Open: An Autobiography
- The front cover of Open
- Author: Andre Agassi
- Language: English
- Genre: Autobiography
- Publisher: HarperCollins
- Publication date: November 9, 2009
- Publication place: United States
- Pages: 404
- ISBN: 9780307388407
- OCLC: 1058108646

= Open: An Autobiography =

Autobiography of professional tennis player

Open: An Autobiography is a memoir written by former professional tennis player Andre Agassi with J. R. Moehringer, published on November 9, 2009.

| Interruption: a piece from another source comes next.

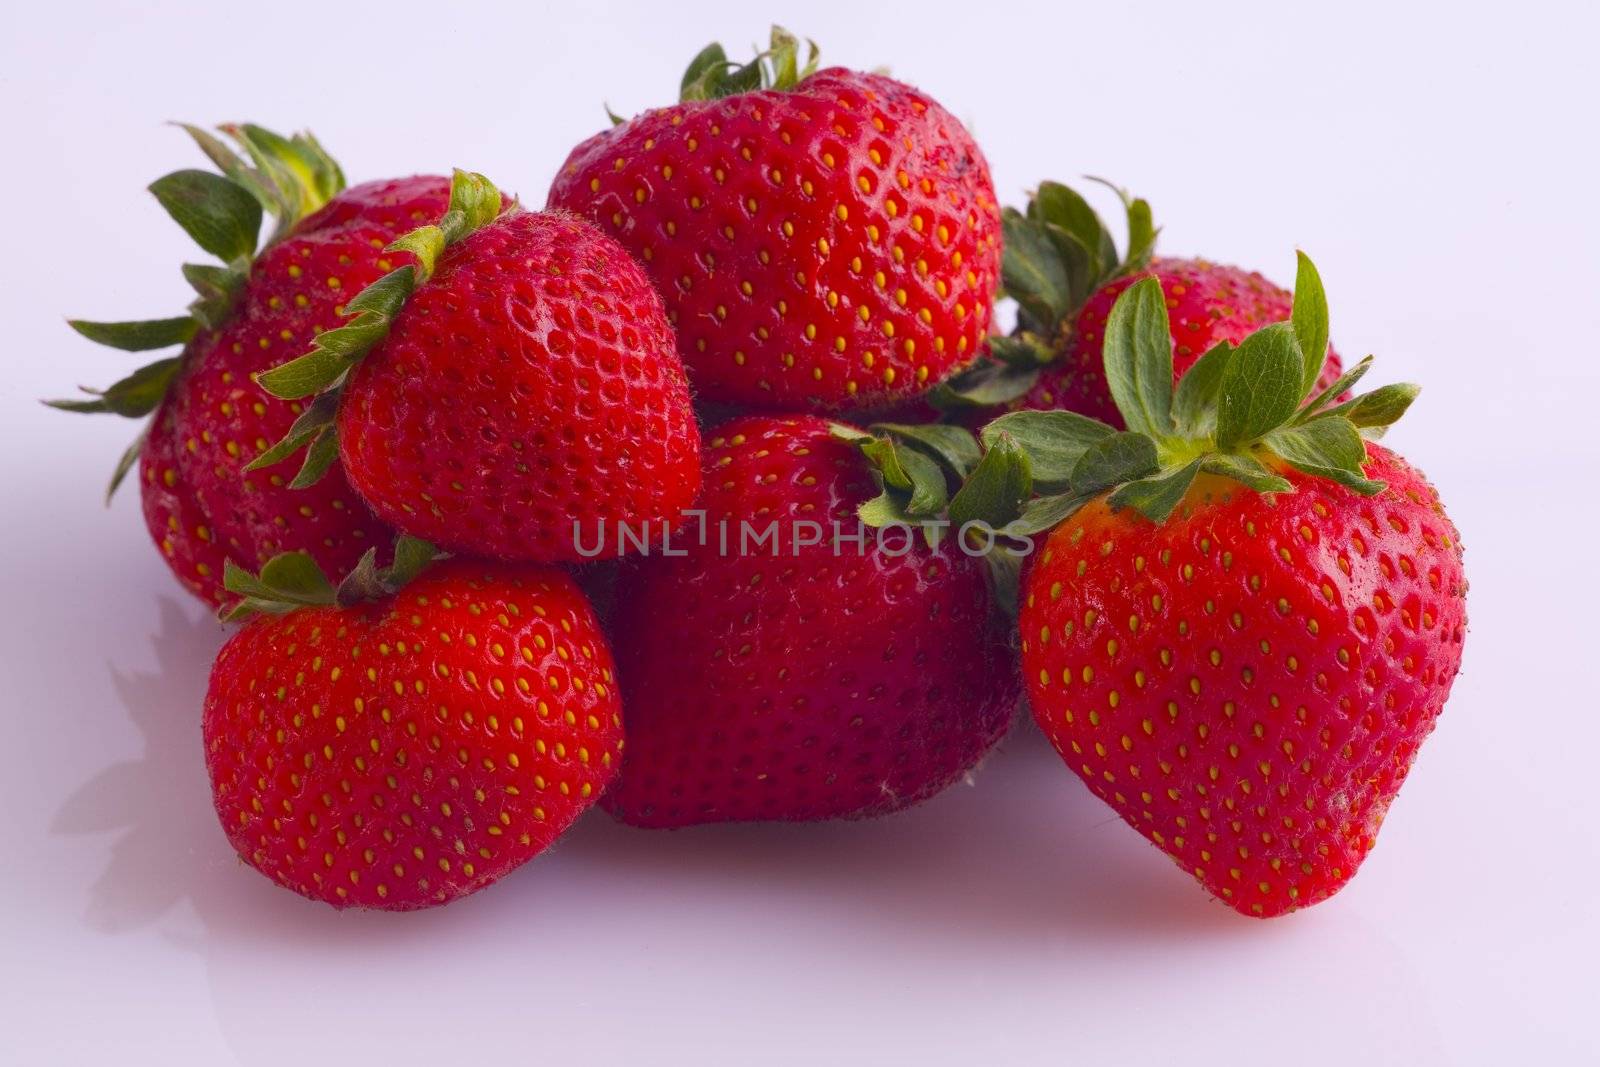 Strawberries red, plump, and juicy, in a small pile on a white background.
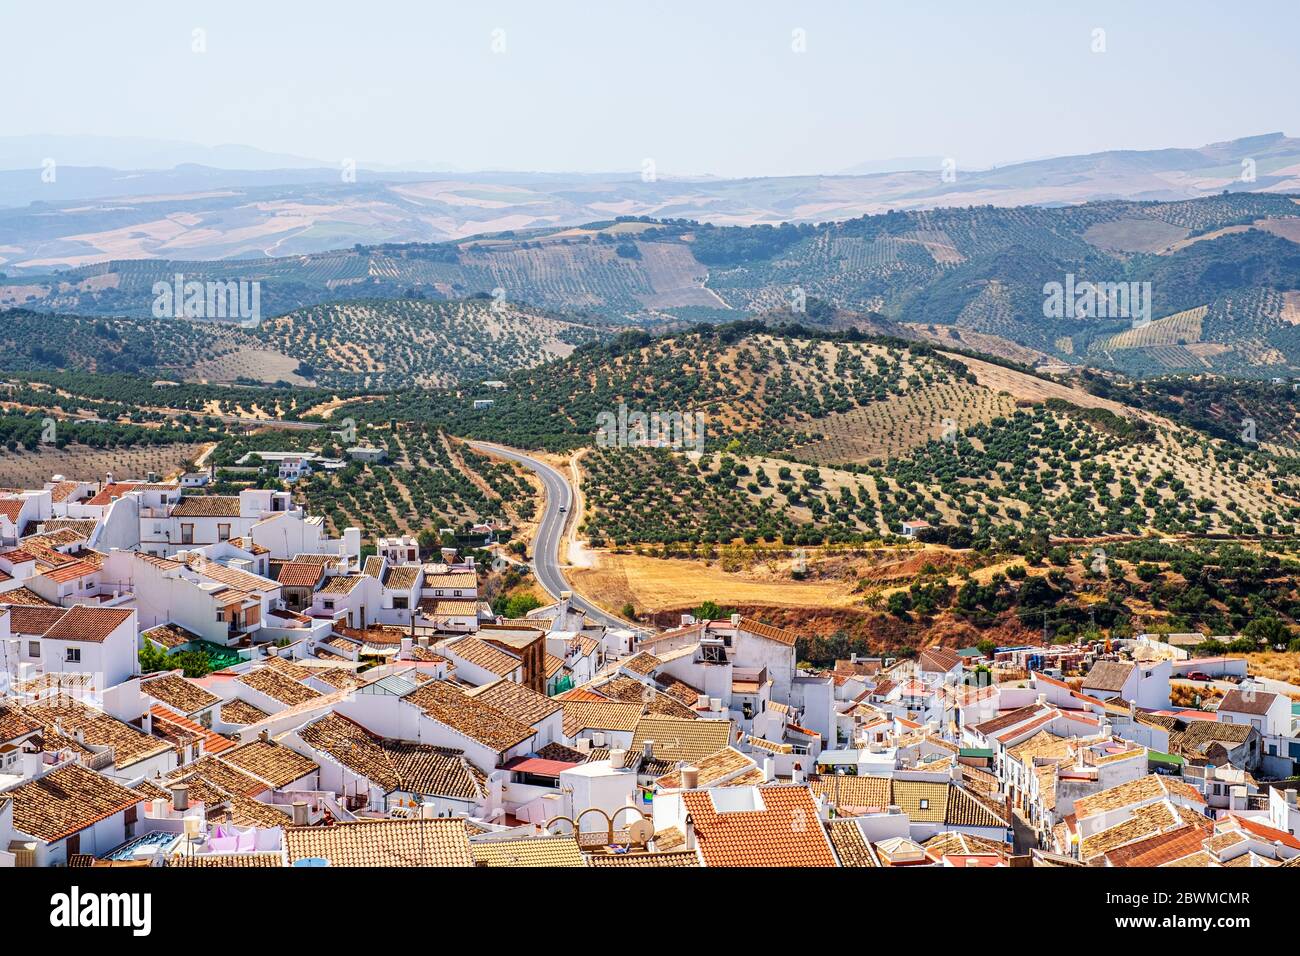 Olvera, Spain. Aerial view of old touristic town Olvera, Spain surrounded by mountains. Dry landscape in hot summer, white houses in Spanish village Stock Photo

In the book, the eight-time Grand Slam champion and former world No. 1 details his challenging childhood under the supervision of a demanding father and prolonged struggles with the physical and psychological tolls of professional tennis.

== Reception ==
Despite controversy surrounding Agassi's admission to using methamphetamine in 1997, the book reached No. 1 on the New York Times Best Seller list and was met with critical acclaim. Open "is not just a first-rate sports memoir but a genuine bildungsroman, darkly funny yet also anguished and soulful", Sam Tanenhaus wrote in the New York Times.

The book was an inspiration for the 2024 film Challengers.

==Summary==
The memoir explores Agassi's journey from a financially disadvantaged upbringing to becoming a successful tennis player. It details his relationship with his father, who was strict and demanding, and his often passive mother, as well as his intense training regimen, which he initially resented. The book describes his personal struggles; the effects of relationships, particularly with actress Brooke Shields and fellow tennis player Steffi Graf; and the transformative experience of fatherhood.